Picture an archaeologist, and you’ll likely conjure an image of Indiana Jones, complete with a wide-brimmed fedora, sweeping away dust from an Egyptian tomb.
It’s a popular misconception, but one that hardly applies to the tens of thousands of archaeologists in the world. Most professionals work in a field known as cultural resources management, a billion-dollar industry that often fulfills federal and state requirements for evaluating the historical significance of land before it is developed.
At Longwood University, students have a direct path to this kind of real-world experience through the university’s new Institute of Archaeology founded in September. Already Institute staff and students are hard at work on two projects, and arrangements have been finalized for another that will begin in January and continue in the summer.
[Related Video: About the Longwood Anthropology Program]
Currently under way are a shoreline study across four counties on Virginia’s coast and a survey of an antebellum plantation in Mecklenburg County for the National Trust for Historic Preservation. The shoreline study is a collaborative project with the Virginia Department of Historic Resources and is funded through the National Park Service.
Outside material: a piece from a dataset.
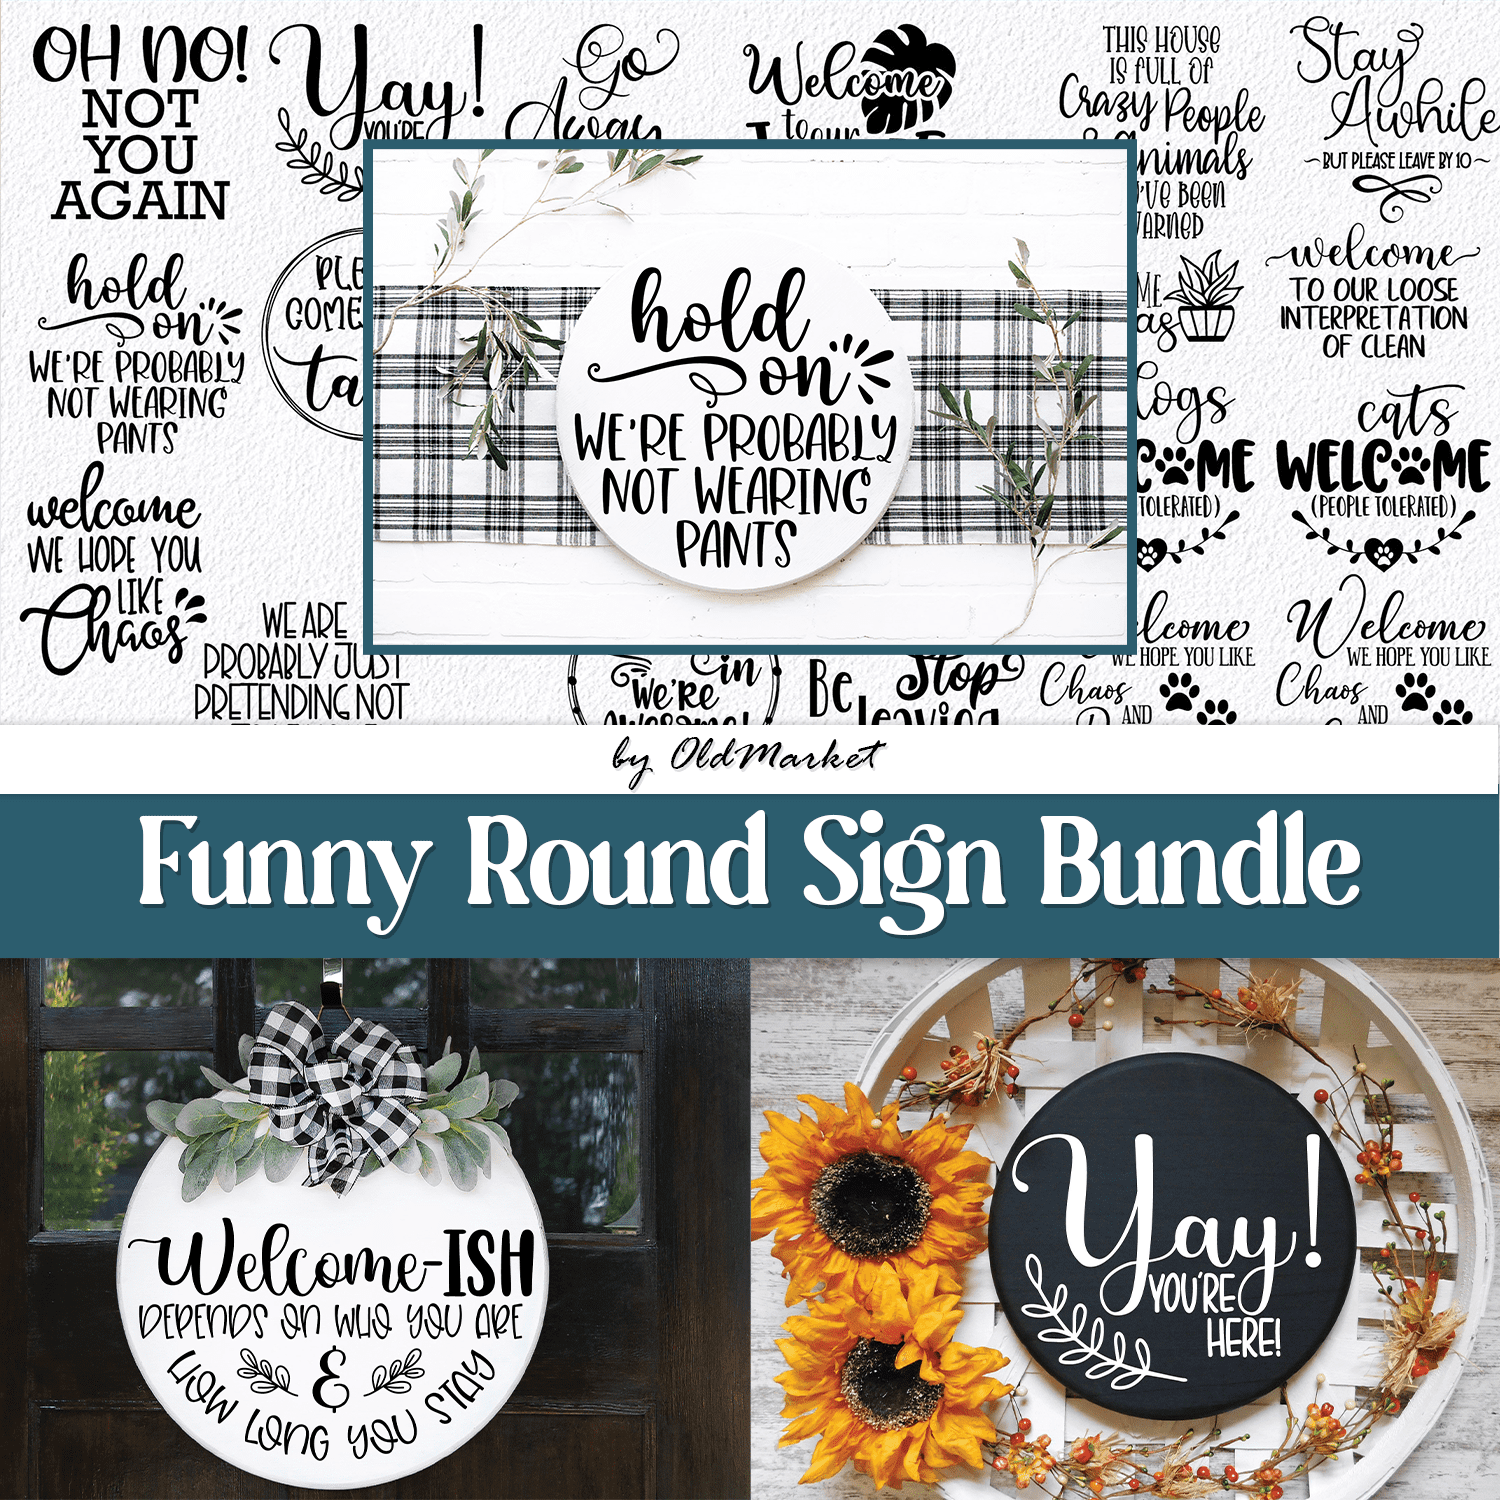 Funny Round Sign Bundle - main image preview.
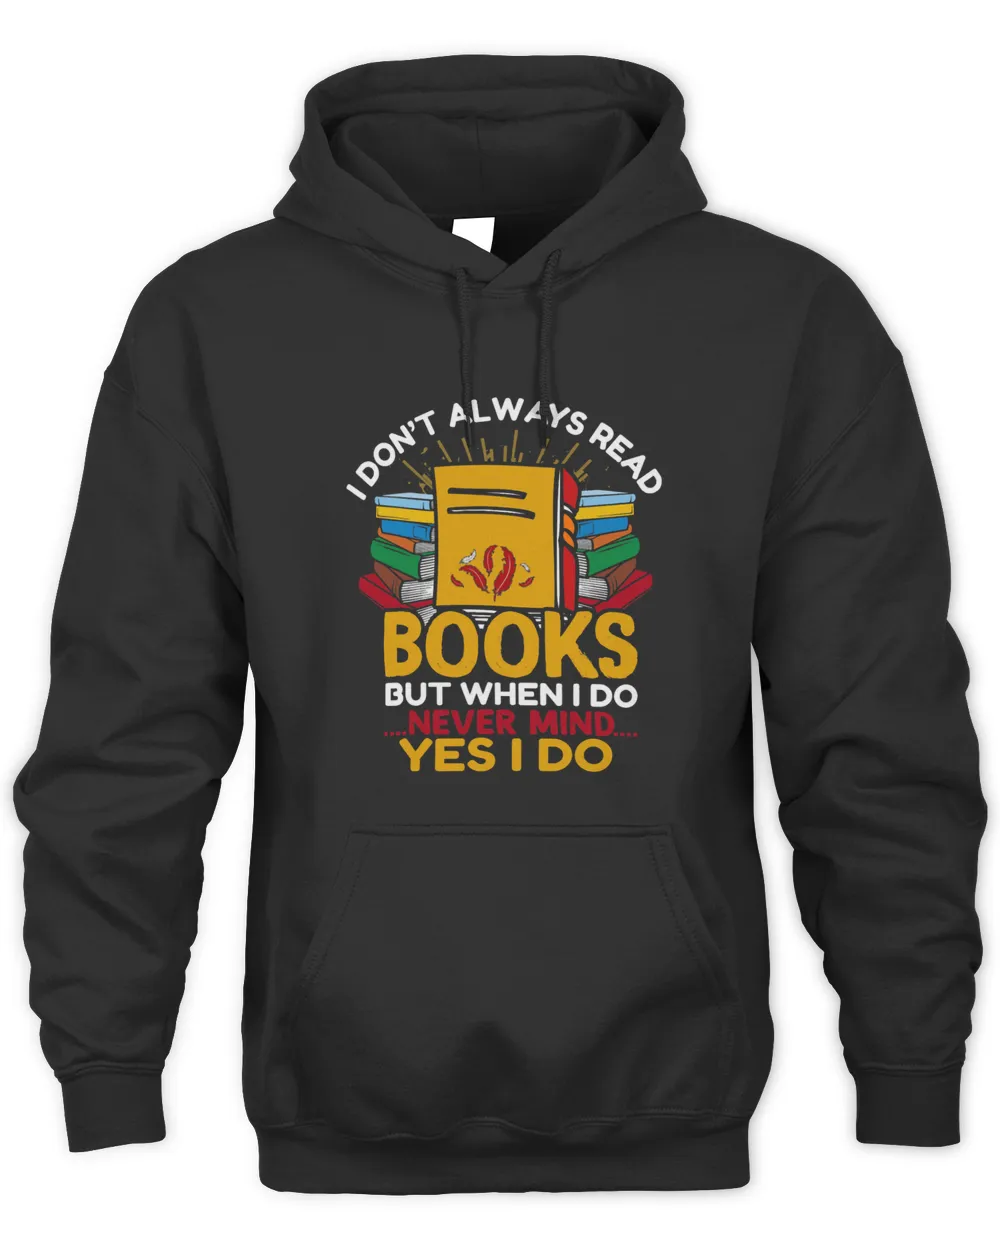 Reading adventure book readers apparel funny quote

The setting for the new project is in the Caribbean, where the owner of a private island has engaged the Institute to determine the extent to which pre-Columbian natives occupied and used the island’s tropical forest and other resources more than 1,000 years ago.
"The unique thing about Longwood’s Institute is that we are drilling down to the undergraduate level by involving them in the process and offering them paid research opportunities," said Dr. Brian Bates, professor of anthropology, who established the Institute. "This organization is going to provide boots-on-the-ground experience, giving undergraduates who complete our program a remarkably robust skill set that is beyond what many of their peers will have. By participating in cultural resource management and research projects, presenting at scholarly meetings and publishing on their research, students will be better prepared for the workforce and/or graduate school."
Bates, himself a 1992 graduate of Longwood’s archaeology program, has hired three Longwood alumni to staff the Institute. Craig Rose ’00, who earned his master’s degree from the University College London Institute of Archaeology will serve as principal investigator and senior archaeologist. His leadership will be complemented by Mary Farrell ’09, who has a master’s from Ball State University and will run the laboratory, and Erin West ’09, who also holds a master’s from University College London.
The Institute is an addition to the hands-on opportunities Longwood has provided its archaeology students since 1980. The Dr. James W. Jordan Archaeology Field School, which Bates directs, has given many generations of students the opportunity to dig for answers about the past. The field school is one of only 10 percent of field schools worldwide to be accredited by the Register of Professional Archaeologists.